Ryan Merkel: Thanks. Good morning. Thanks for taking the questions.

Peter Arvan: Good morning.

Ryan Merkel: I wanted to start off with a big picture question. Pete, it seems that perhaps the worst might be over for the pool declines, can you just walk us through the puts and takes as you think about 2024, I am not looking for specific guidance, just the positives and negatives that you see heading into next year?

Peter Arvan: Yeah. Sure. So, 2023 was no doubt a kind of a crazy year, which followed a couple of years crazy, but for different reasons. So it was — we had bad weather in the beginning of the year, we had interest rates that continue to rise and that we think put a crimp on new pool construction, which was actually — is turning out to be lower than what we thought it was when I was talking to you a year ago, and frankly, when we initiated guidance at the beginning of the year. I think new pool construction this year, as I mentioned, is going to be down 30%. I think it depends on the — that’s an average, right? So I think if you look at entry level pools in some markets, it’s actually down more, and in some cases, significantly more.

The flip side is that the higher end pools remain solid. The builders that build the higher end pools for the more affluent people that have less financing connected or no financing connected to, that business is good. So when I look at the steps back and look at the macro economic environment, based on what we see today, I would tell you that, I don’t think new pool construction is going to drop much more. Could it drop a thousand — a couple of thousand, it could, way too soon to tell because the builders are frankly just putting together their plans and pricing and starting their selling season for next year. But I have talked to many builders in the last couple of months and everybody is fairly optimistic that this year the new pool count is down.

They don’t really expect it to fall much more than where it is today. The other comment I would make on the market is on renovation. Renovation is again that plays a little bit of that same pattern, right? The renovations that would require financing are going to be under the most pressure because of interest rates. Now I read the same things that you guys do on interest rates. If there is moderation in interest rates next year, then that will bode well for both new pool construction and for large renovations. Smaller renovations, most of those are paid for in cash and it really doesn’t have a big impact on whether the jobs get done or not. From a maintenance perspective, maintenance is maintenance. It has to happen. The overall desirability of the pool, outdoor living is still very high, people still want pools.
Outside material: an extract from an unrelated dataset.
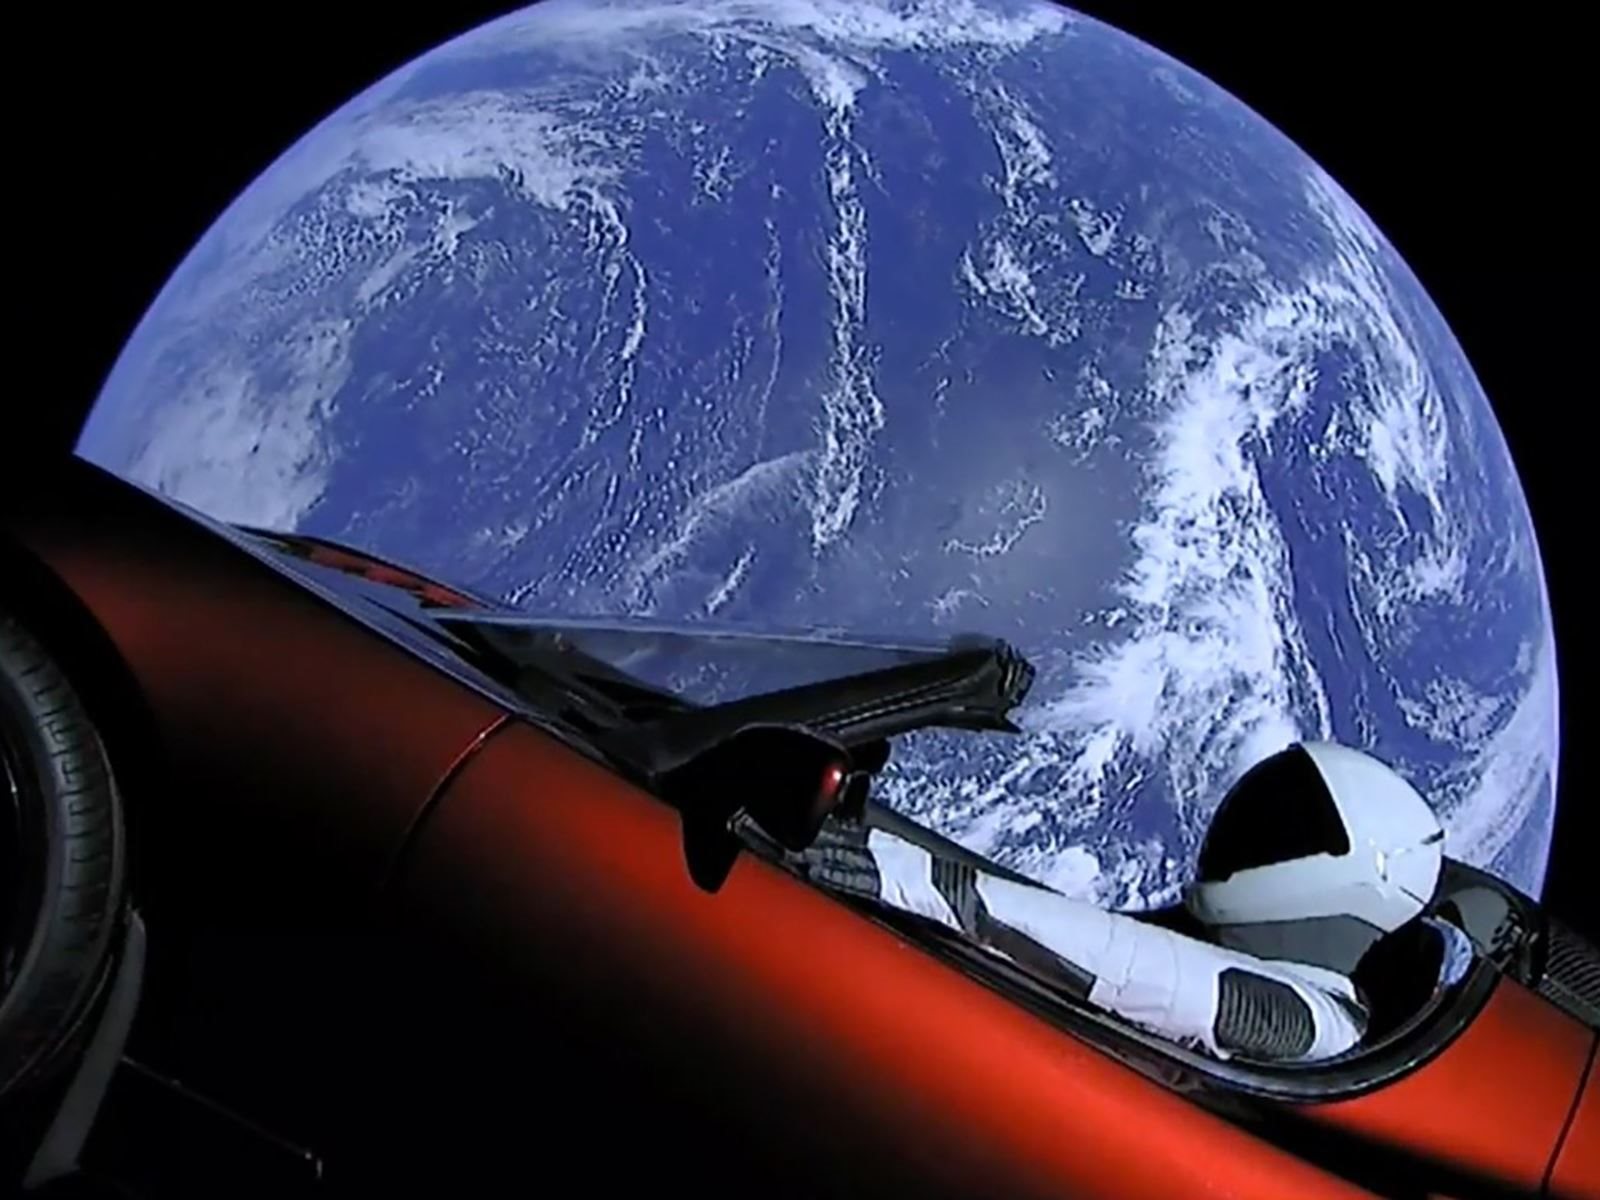 Roadster 2021 In Space Wallpapers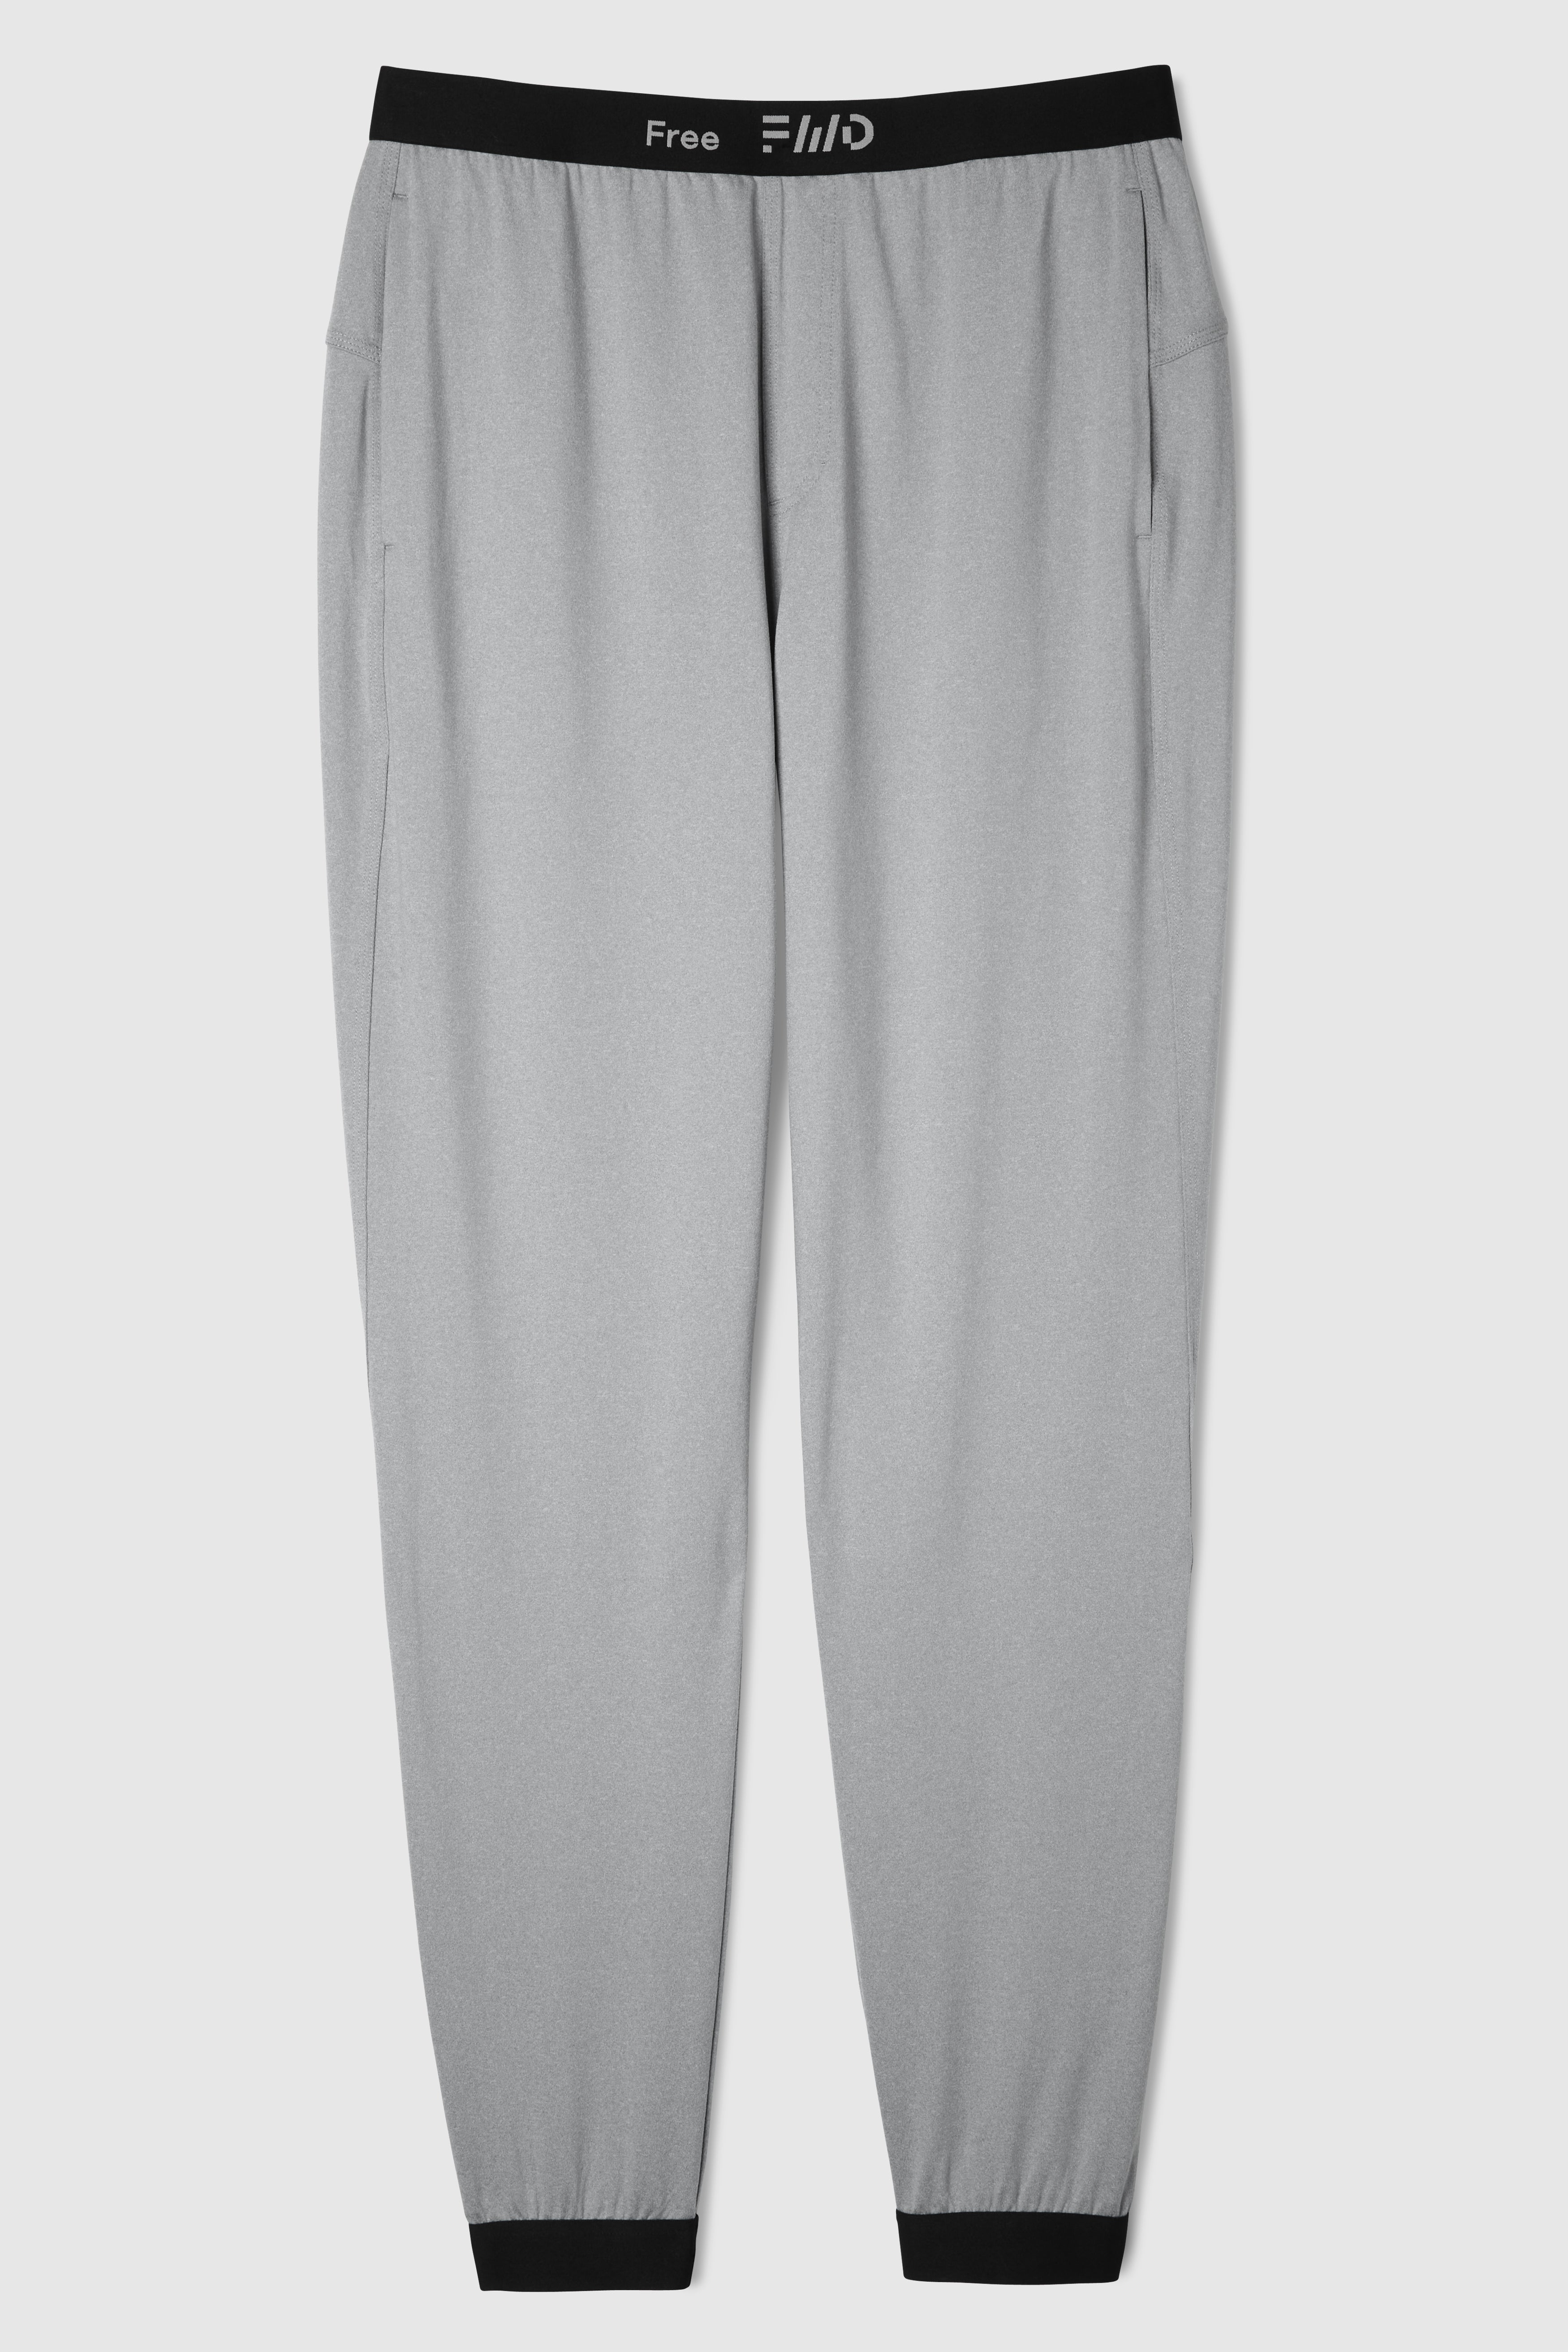 Buy Blissclub Women Grey Move All Day Pants Regular with

There would be more pools being built if they were frankly more affordable. So those that have a pool, like them, use them when the weather is good, then they are in them. If I look back at the beginning of the year, a couple of the headwinds we had was very tough weather in the beginning of the year and we also had some of the inventory hangover from the previous year that was in the channel. So as I look forward, and again, too early to give you a guidance, but I am more optimistic about next year than this year, but I also want to be clear with the setting expectations. I am not looking for a material, it’s — new pool construction, it’s not going to take off, it’s not going to grow, but I look at the headwinds that we faced, the stability of the market and I remain confident that I think next year will not be another year of down, down, down.